# redfish



## jared (Nov 6, 2007)

I was just wandering if any of the freshwater lakes around here haveredfish stockedin them?


----------



## jared (Nov 6, 2007)

i guess not??? Are there any power plant lakes around here?


----------



## Sam Roberts (Oct 22, 2007)

dont think so around here i wish tho i hav'nt heard of any places.


----------



## jared (Nov 6, 2007)

thanks- I just miss going down to the lake & catching 20lb reds one after another


----------



## Sam Roberts (Oct 22, 2007)

never expiereced that :bowdown


----------



## tyler0421 (Jan 10, 2008)

Where did you do that at?


----------



## jared (Nov 6, 2007)

they stock reds in pretty much all the power plant lakes in texas. They grow to huge weights but they cannot spawn in freshwater. I mainly fished for them at Braunig & Calavares lakes in san antonio. Google these lakes--there is a pretty big fishery for reds there.

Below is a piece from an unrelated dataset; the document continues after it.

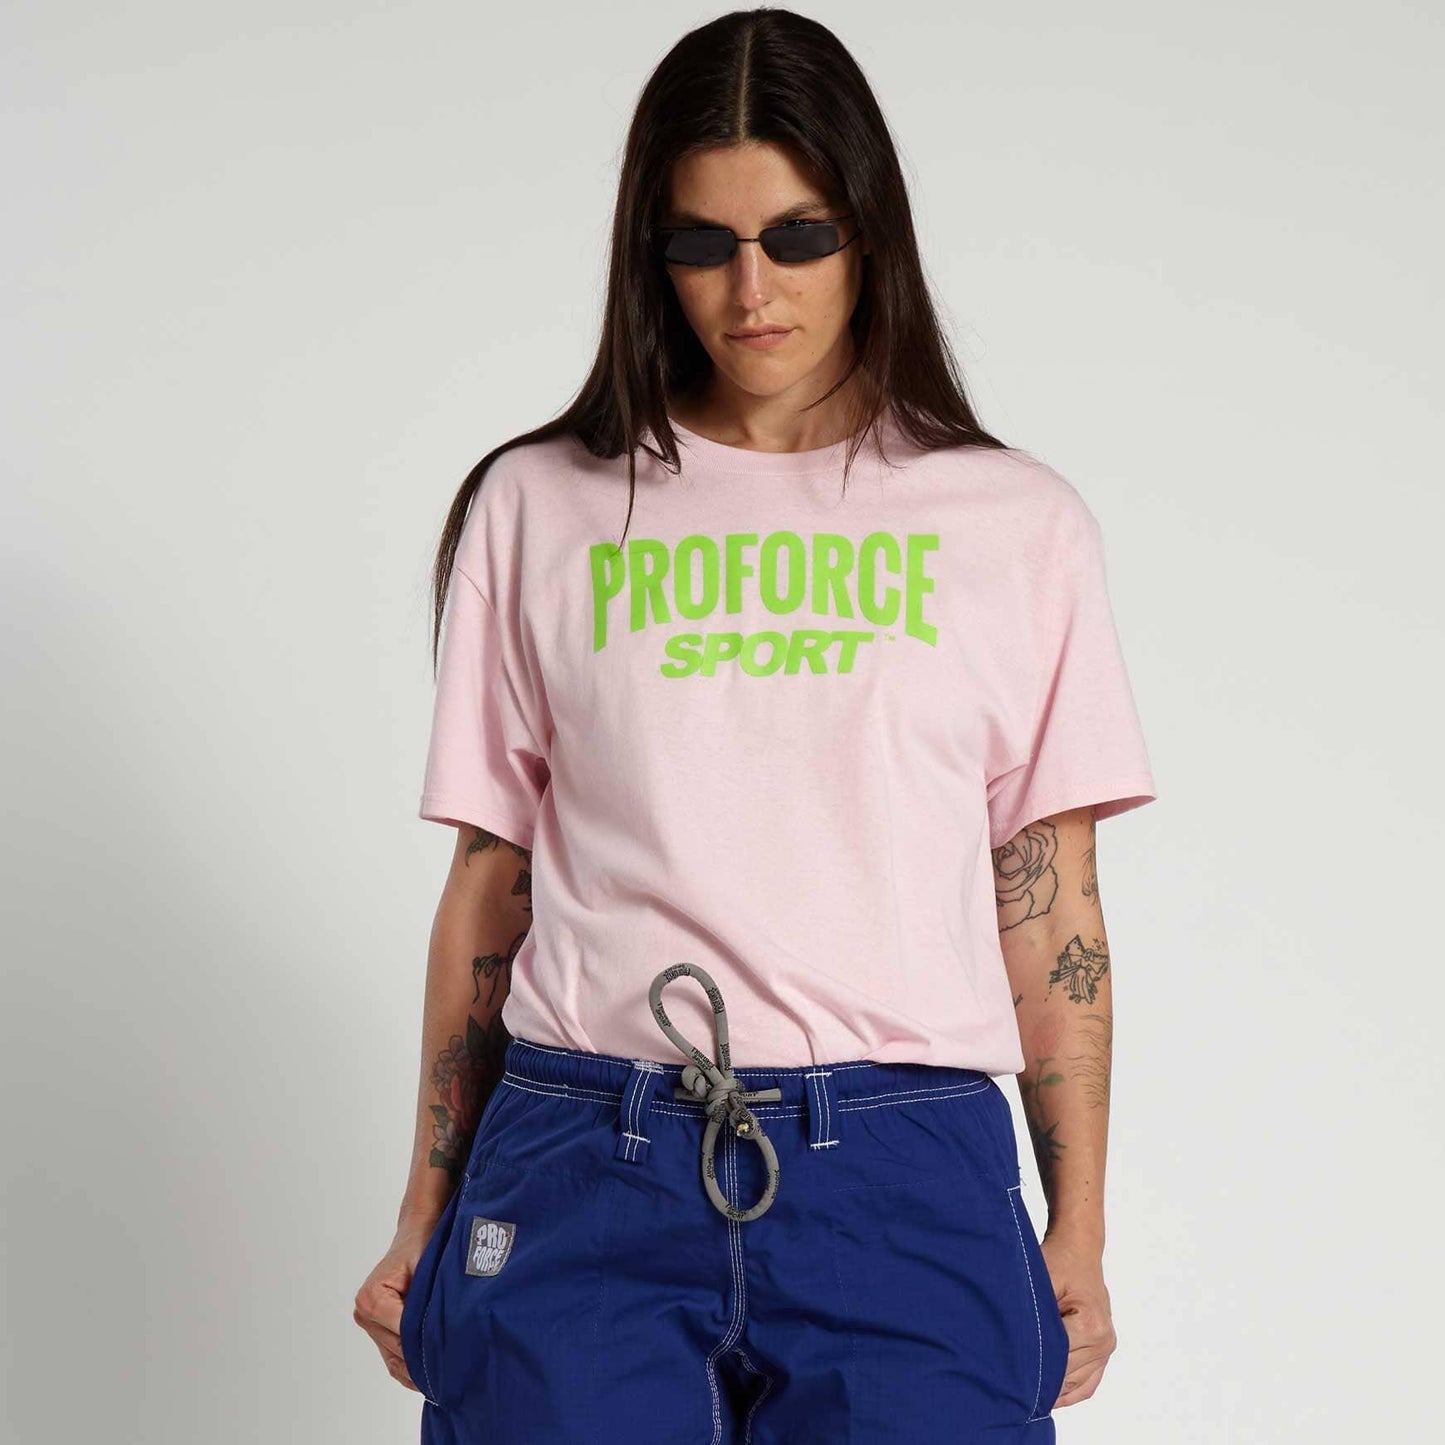 ProForce Sport Logo T-Shirt - Violent Art Shop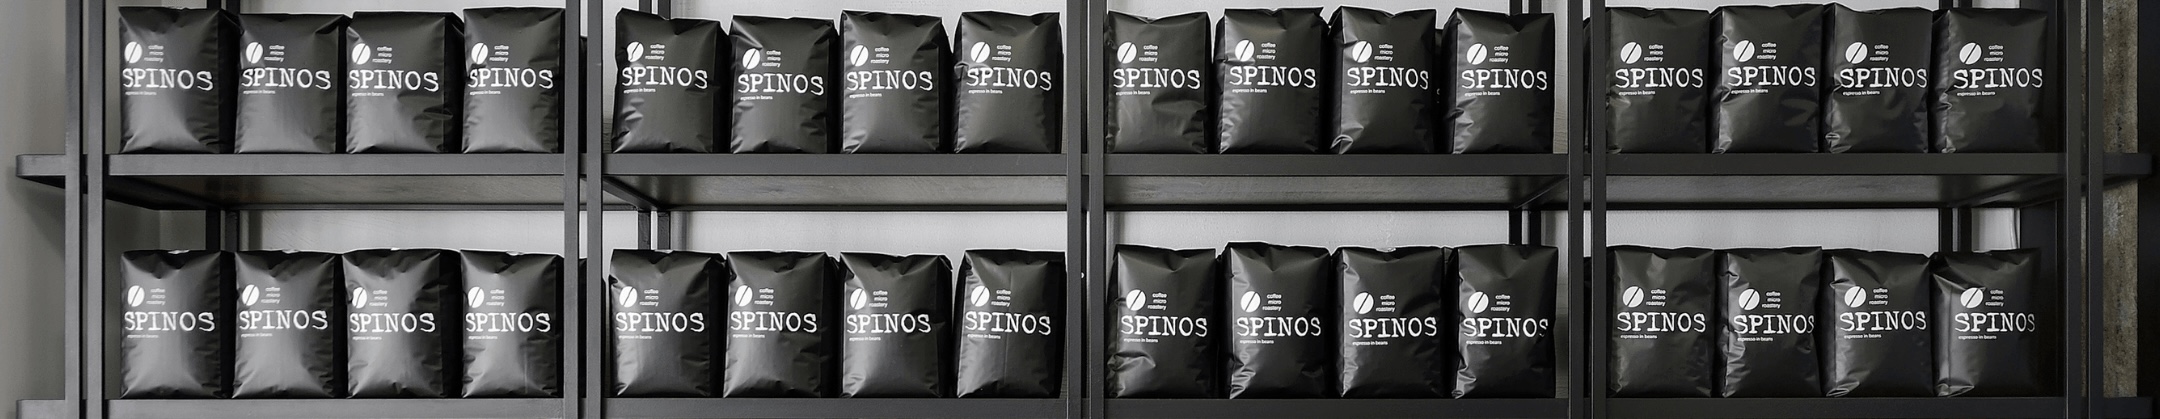 Spinos Coffee

They actually tryed stocking more species of saltwater fish way back when such as tarpon & trout & a few others but reds & corvina are the ones that adapted well


----------



## Sam Roberts (Oct 22, 2007)

yea im fimilar where these lakes are but never been to texas. ive caught a la. redfish but never a texas would love it.


----------



## fishmasterseven (Oct 6, 2007)

too bad we dont have those fisheries around this area...atleast none i know of


----------



## jryno (Nov 8, 2007)

The Kiwanis Lake in front of the Okaloosa Island Pier is full of Redfish.Unfortunately no fishing is allowed except during the annual Kiwanis Fishing Rodeo. Also, some of the brackish lakes in South Waltonhave trout and redfish in them.


----------



## Sam Roberts (Oct 22, 2007)

i can't believe im saying this but that lake is full of hybrid bass. never caught a redfish...but that doesnt mean they arnt in there.


----------